### Assignment
Repeat only the lines between the one with "a chocolate colored cat" and the end of the material below, both ends included. Omit any picture.

### Dataset extract

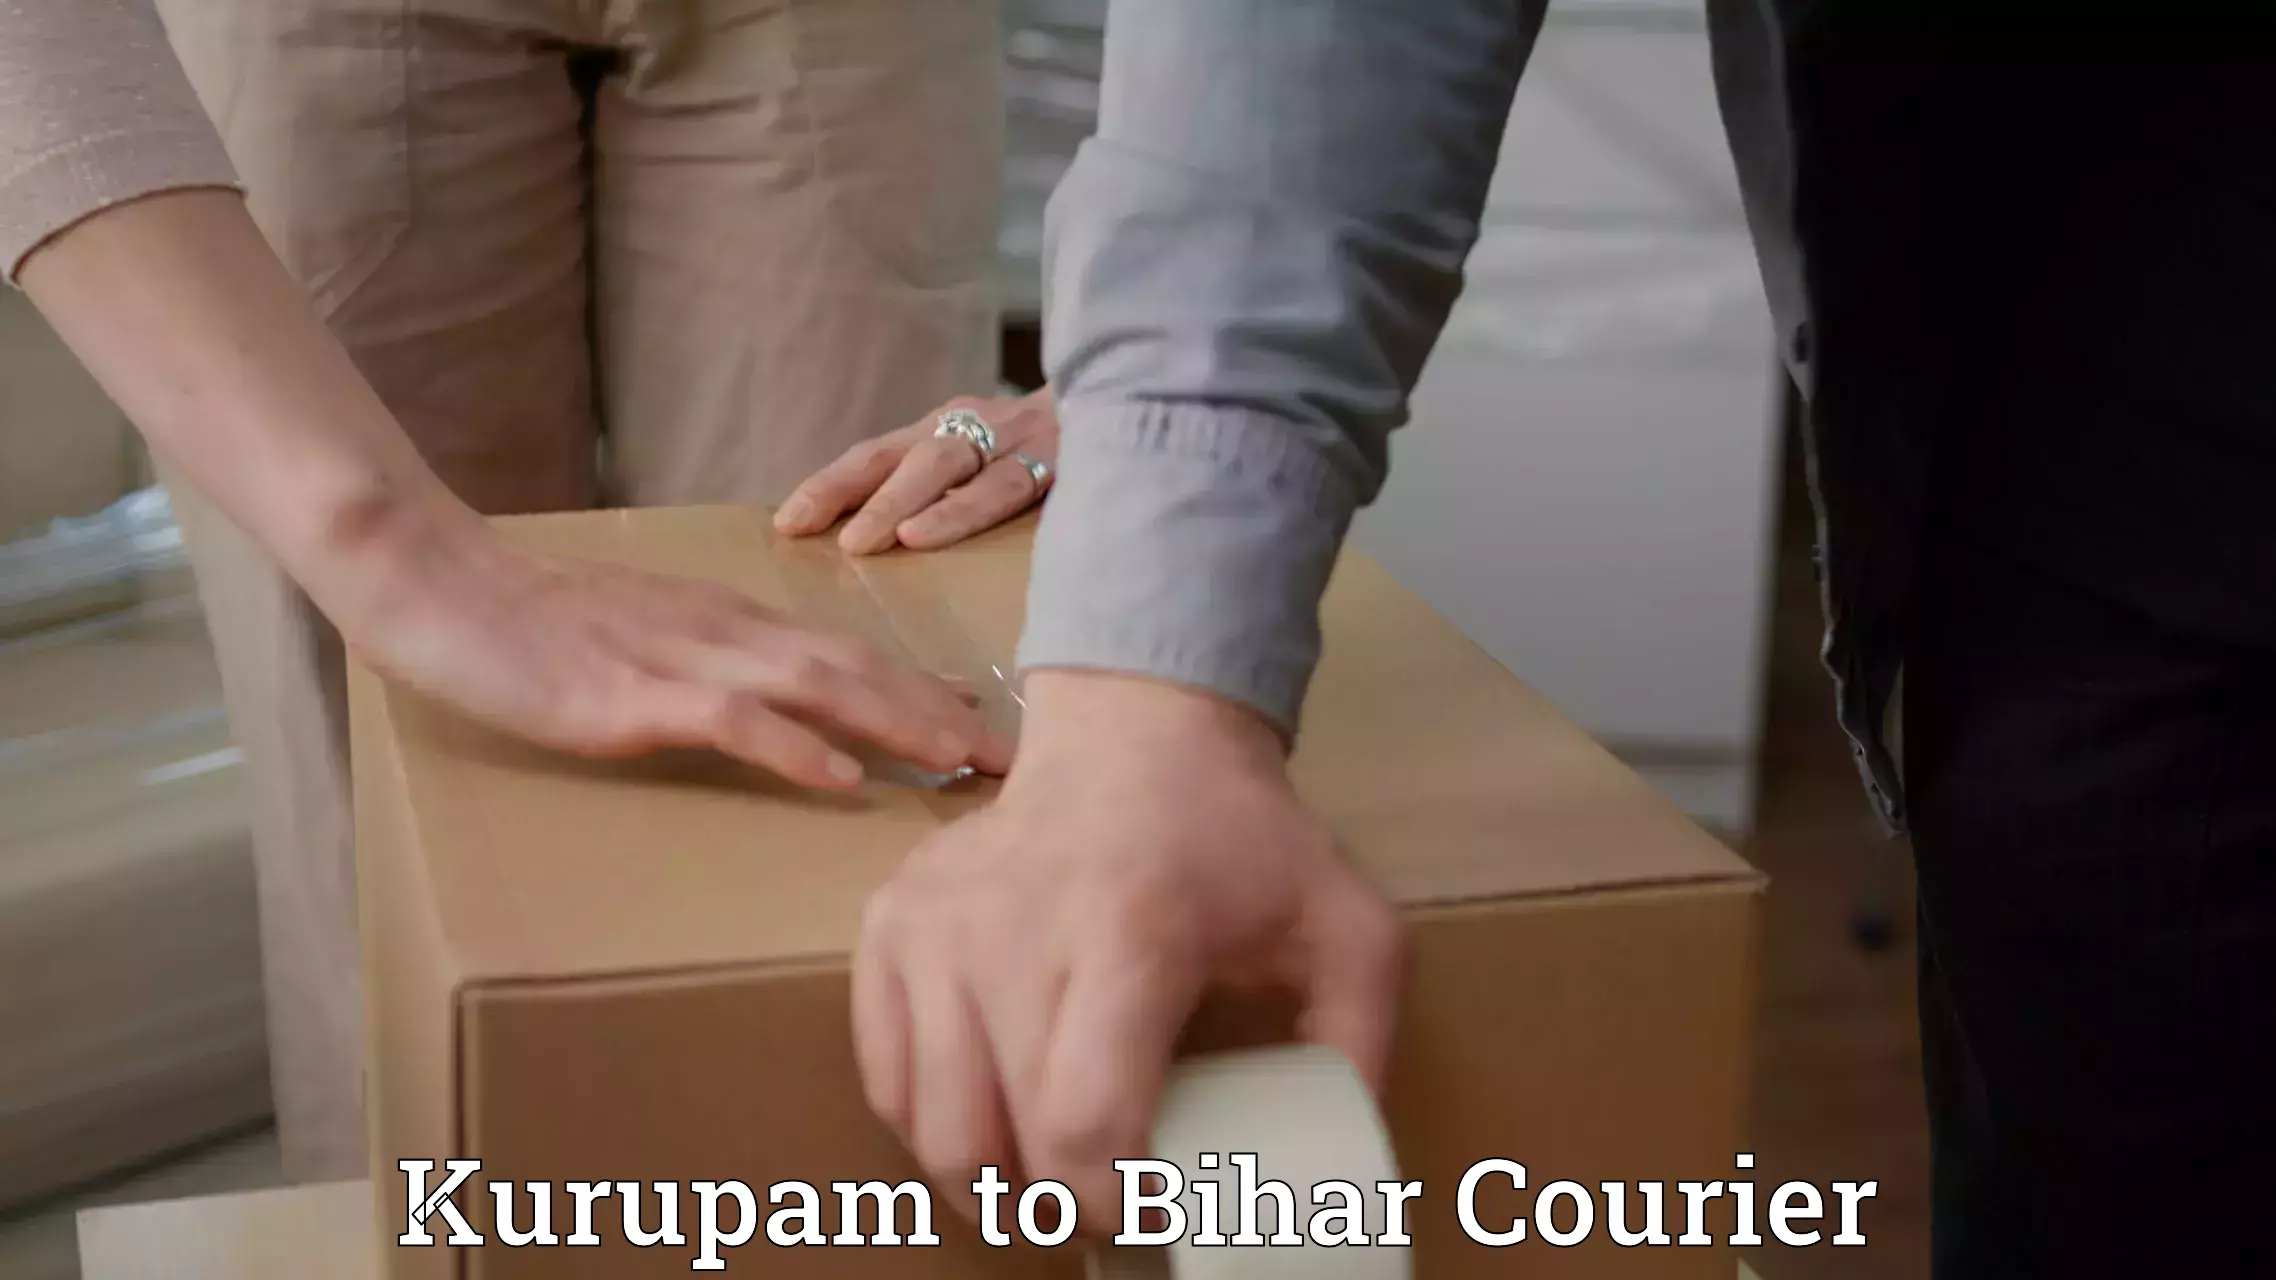 Professional courier services in Kurupam to Muzaffarpur
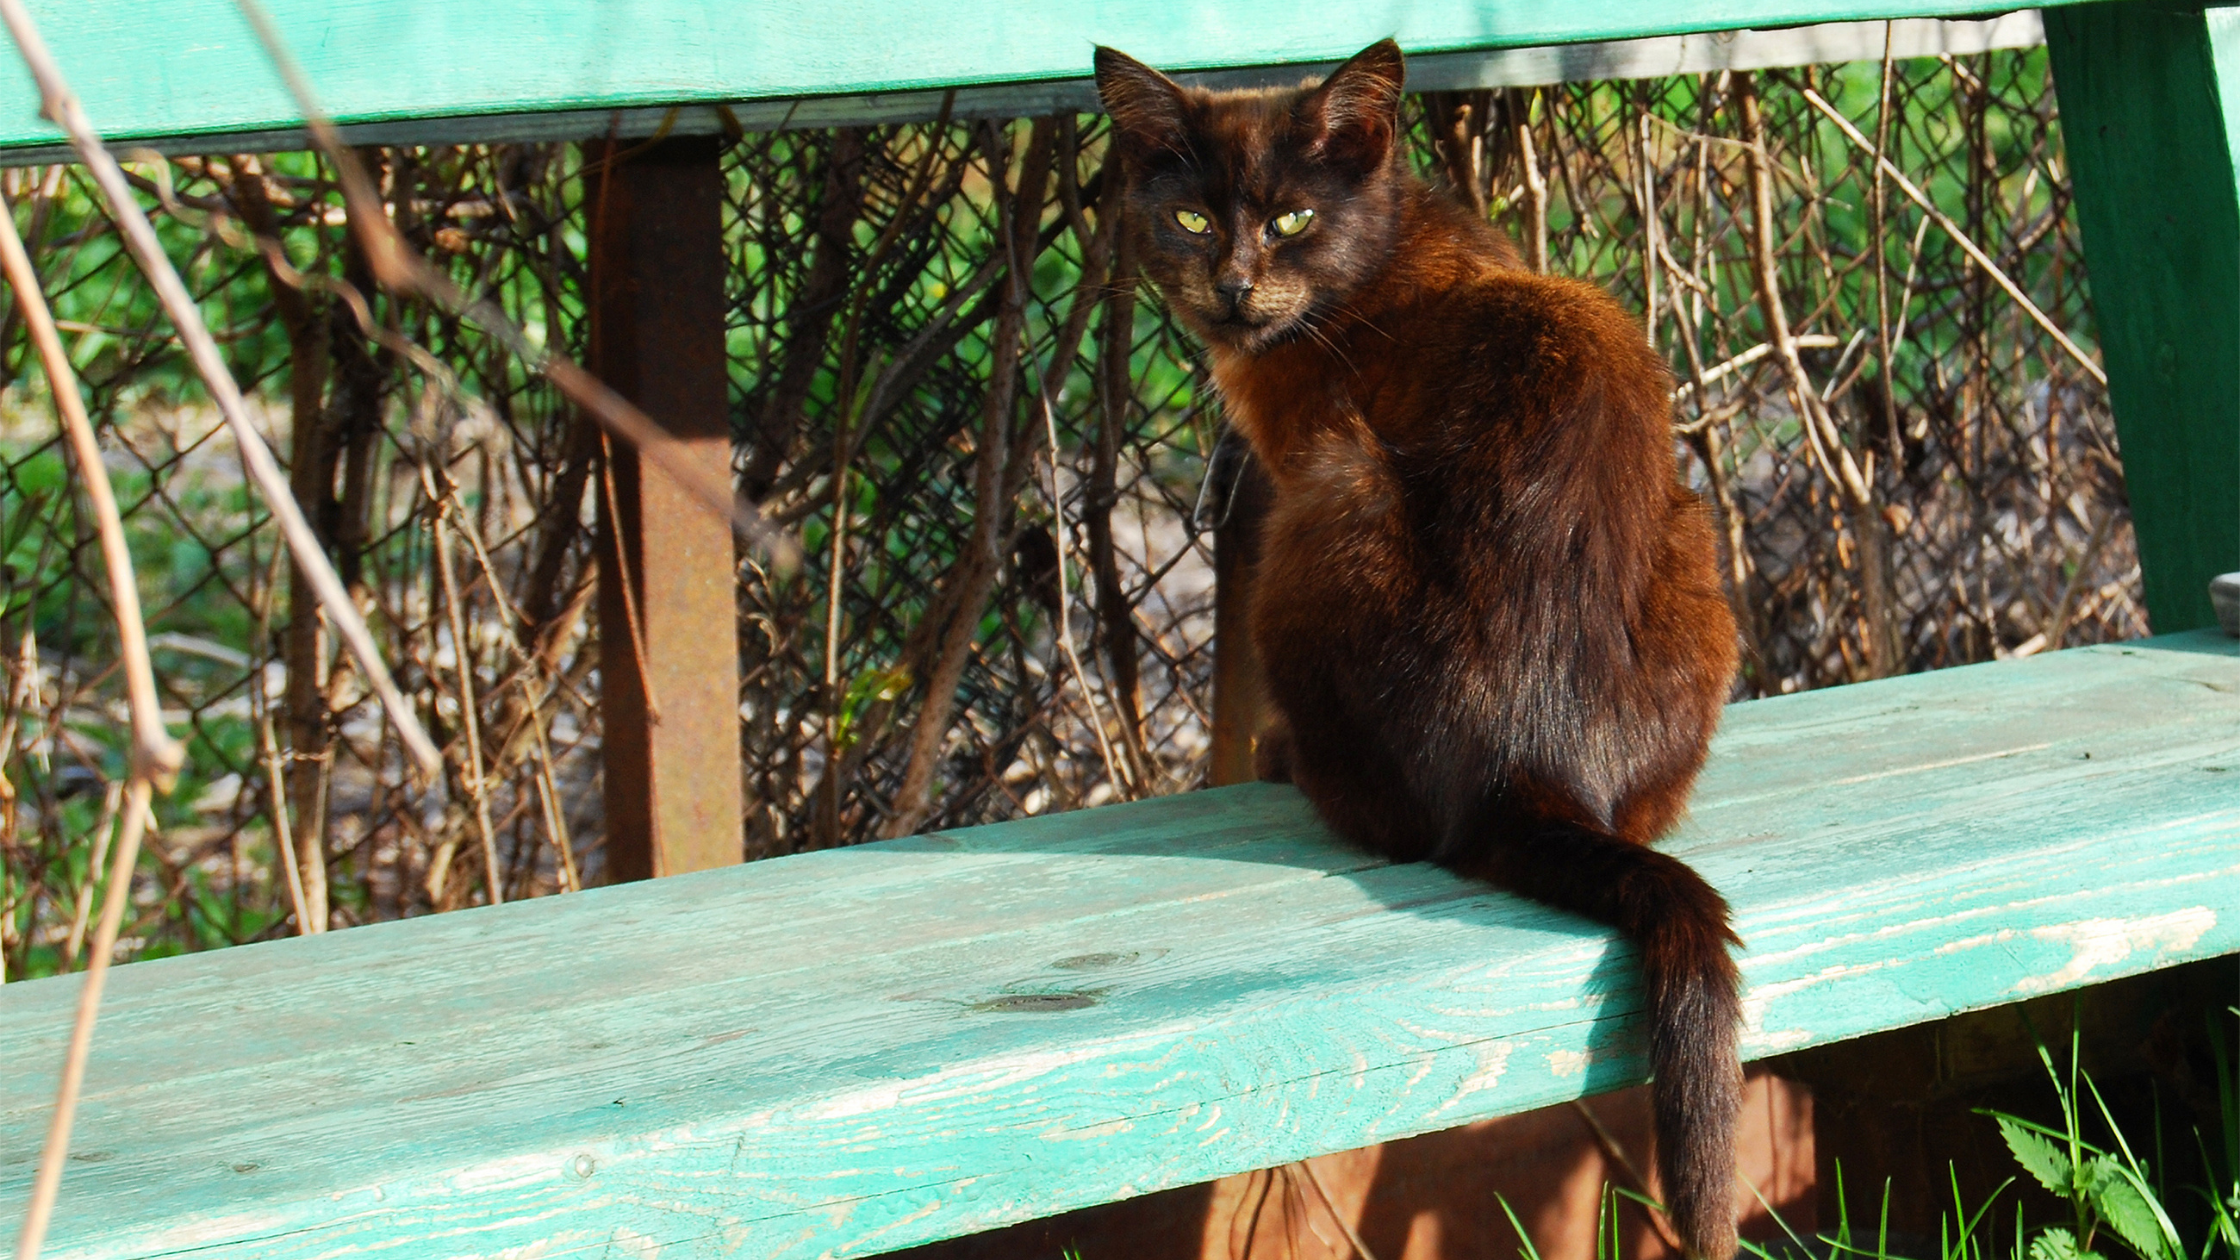 a chocolate colored cat
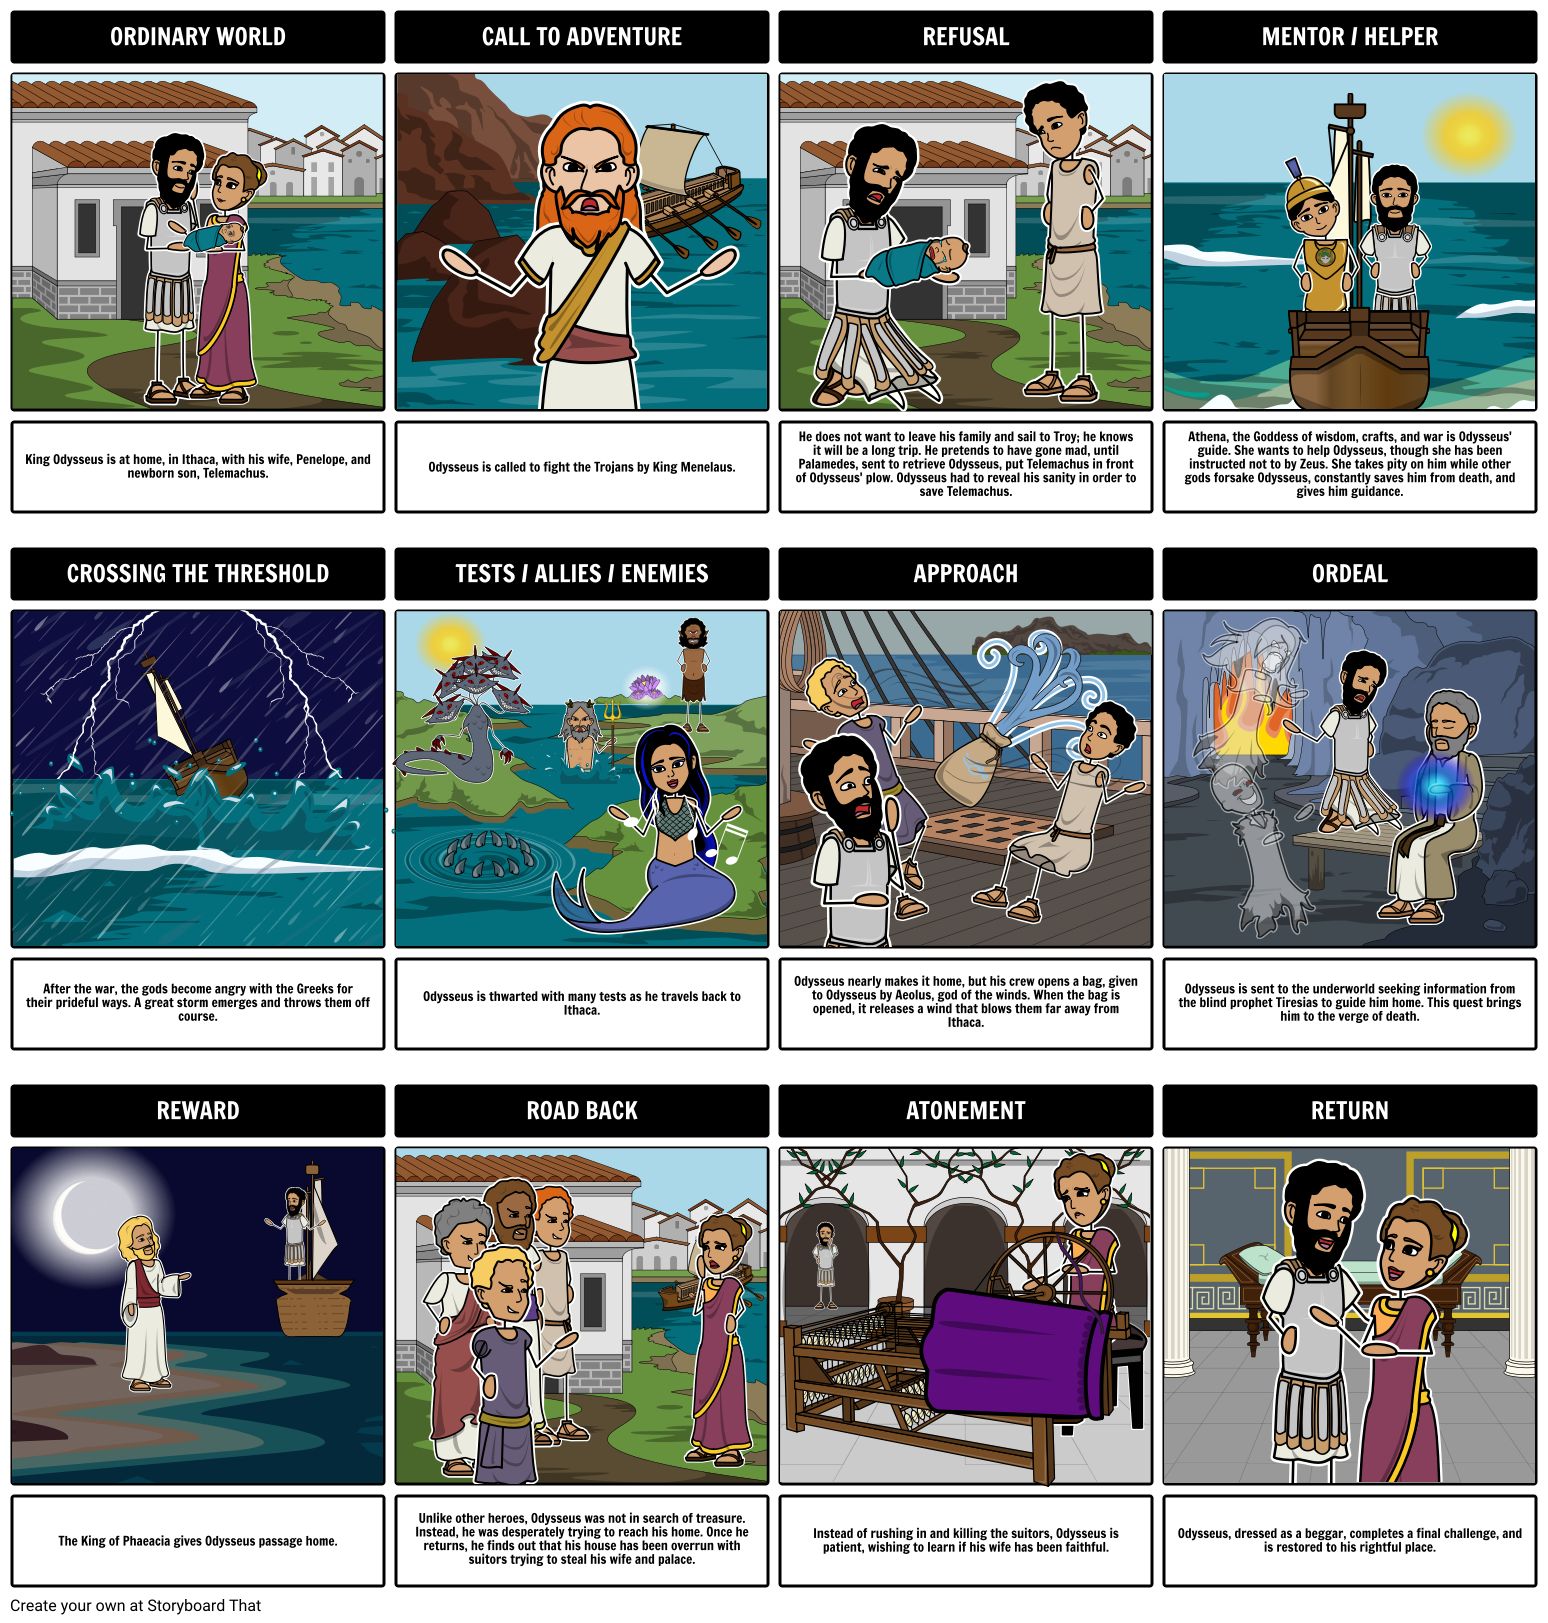 The Odyssey Heroic Journey - Examples of hero's journey

### Answer section
 a chocolate colored cat
 The Odyssey Heroic Journey - Examples of hero's journey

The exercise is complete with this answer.